In my mind, it hadn’t been a passing thought to call like so many others—just like others when I had called and hadn’t—it was a malicious choice I’d made as a bad person that directly led to my sister’s suicide. My perception and memory were warped beyond recognition, but from my vantage point they had become my new truth. Mom had been doing the same thing, and we both sought to punish ourselves accordingly, as if that would make any difference. But with Sarah, there was no way for the guilt to lead to any reconciliation. There was no redemption to be had.
This distinction between regret and guilt has been helping me redefine my guilt as a mutation of my compounded regrets. It is better acknowledged as an emotional experience instead of evidence of my insufficiency as a human. This doesn’t solve everything in an instant, but is gradually helping me soften my hostility towards myself. I kept that cryptic envelope symbolically, it’s now a crumpled, tattered, haggard thing. I keep my guilt in there, carry it with me at all times. When I dump it out to look at the contents, sometimes I can identify something as just a regret, and it doesn’t go back in the envelope. I don’t have to carry it anymore.
I wish I’d learned to make this distinction while mom was still alive. Though I’m not sure that it would have changed her mind about anything.
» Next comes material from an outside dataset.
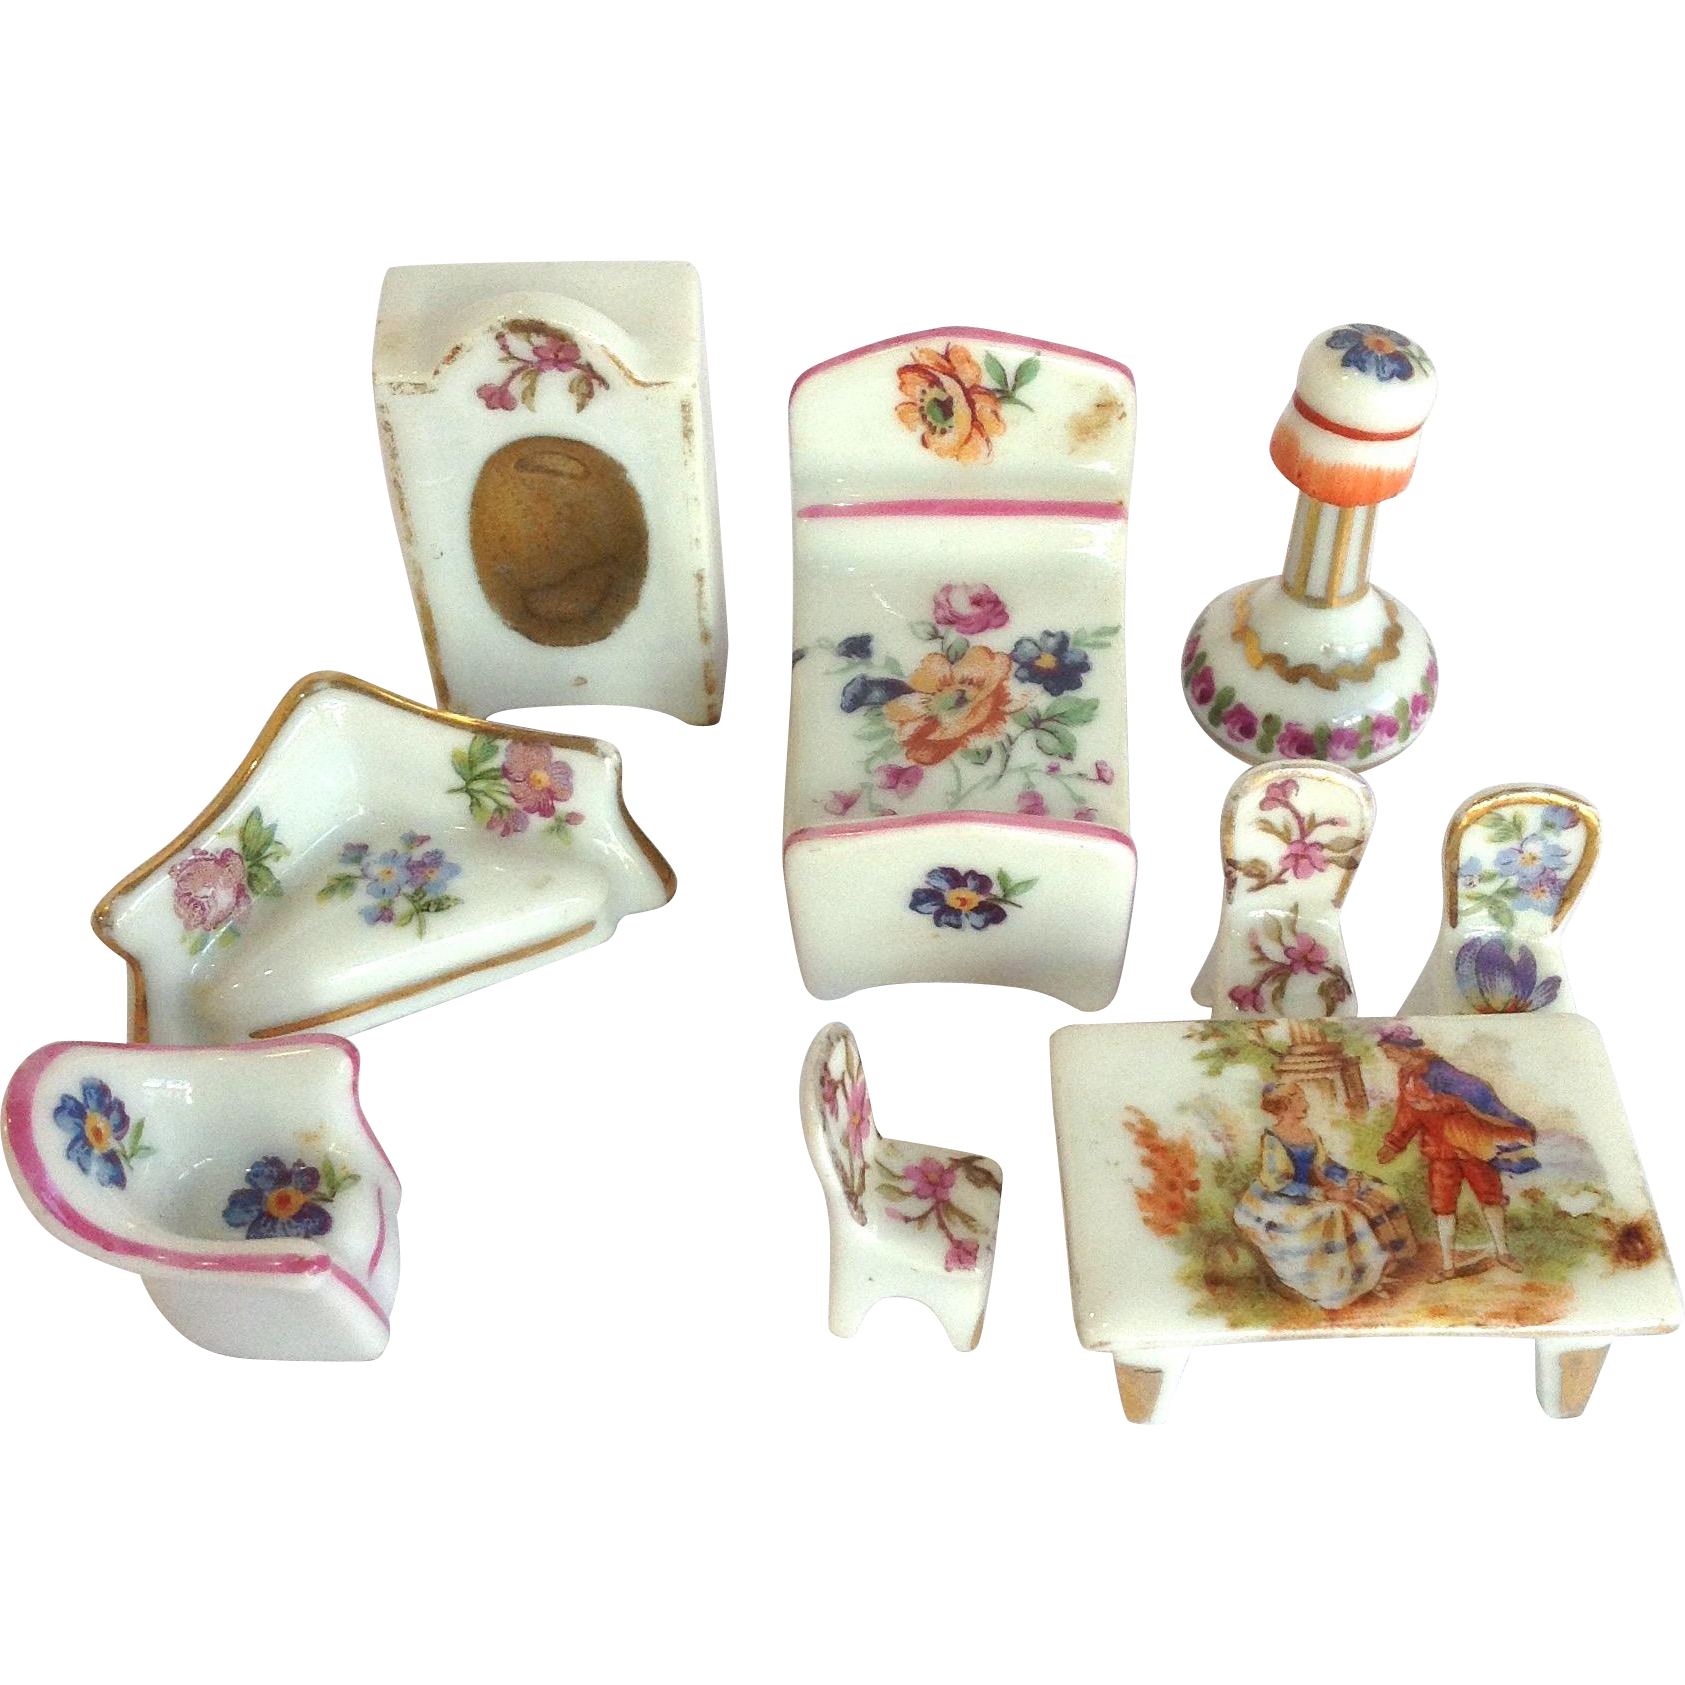 9 Limoges Porcelain Furniture Miniatures From
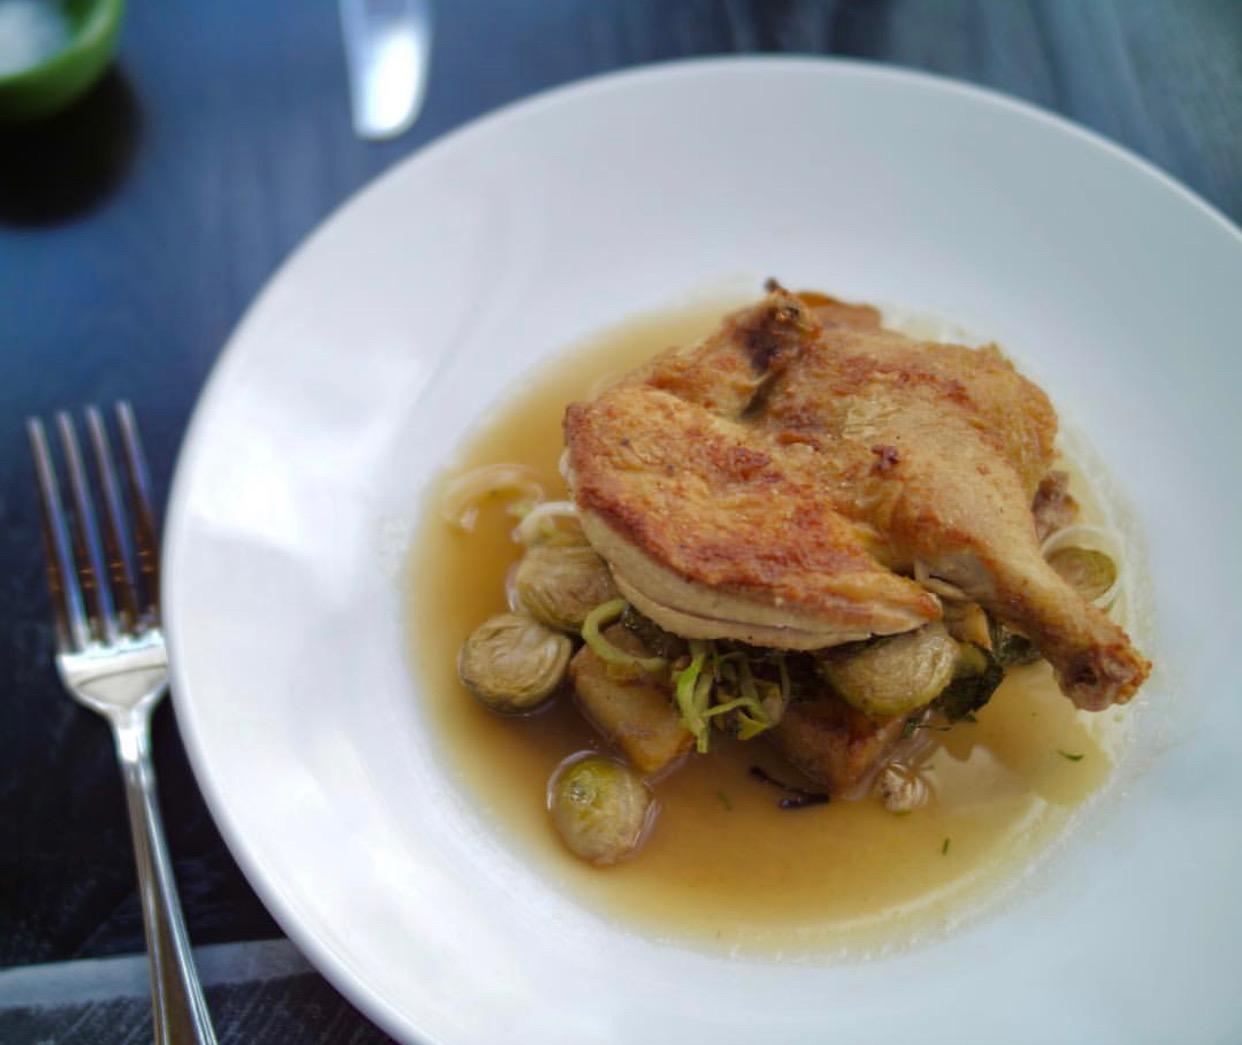 Crispy chicken, photo courtesy of Little Owl.

But it would have been worth a try.
Mom took her guilt with her when she passed. I’m getting slowly better at letting go of mine.
Thank you Matthew & Zac for your feedback.


…death can be such a chaos agent, the way it comes, how it impacts so many so differently, the tendrilled ways in which the gone stay here…it’s like our ghosts create ghosts, we multiply and transform when we disappear…that hydra headed guilt ghost has been by me for so many of my life’s unexpected witnessings, most especially the painful ones…makes me wonder if it’s masked, i see it as sharp and dark, when all it really might want to do is be here for me…not sure i know how to transform somethings yet part of me holds hope that this developing appreciation for my buried and shadowed yields a balance of more light…thanks for sharing such lived in thoughts and moments…
I was totally immersed in this. Felt like I was able to see/feel everything, like I was in the diner, in your head and your mom's, feeling the helplessness, that you rationally know it's not your fault, yet you still convert the regret into a damning guilt. There is a lot I'm feeling now and I'm struggling to put into words, but of your essays I've read this one has definitely hit me the hardest! Keep it up, and curious to know more about your process here.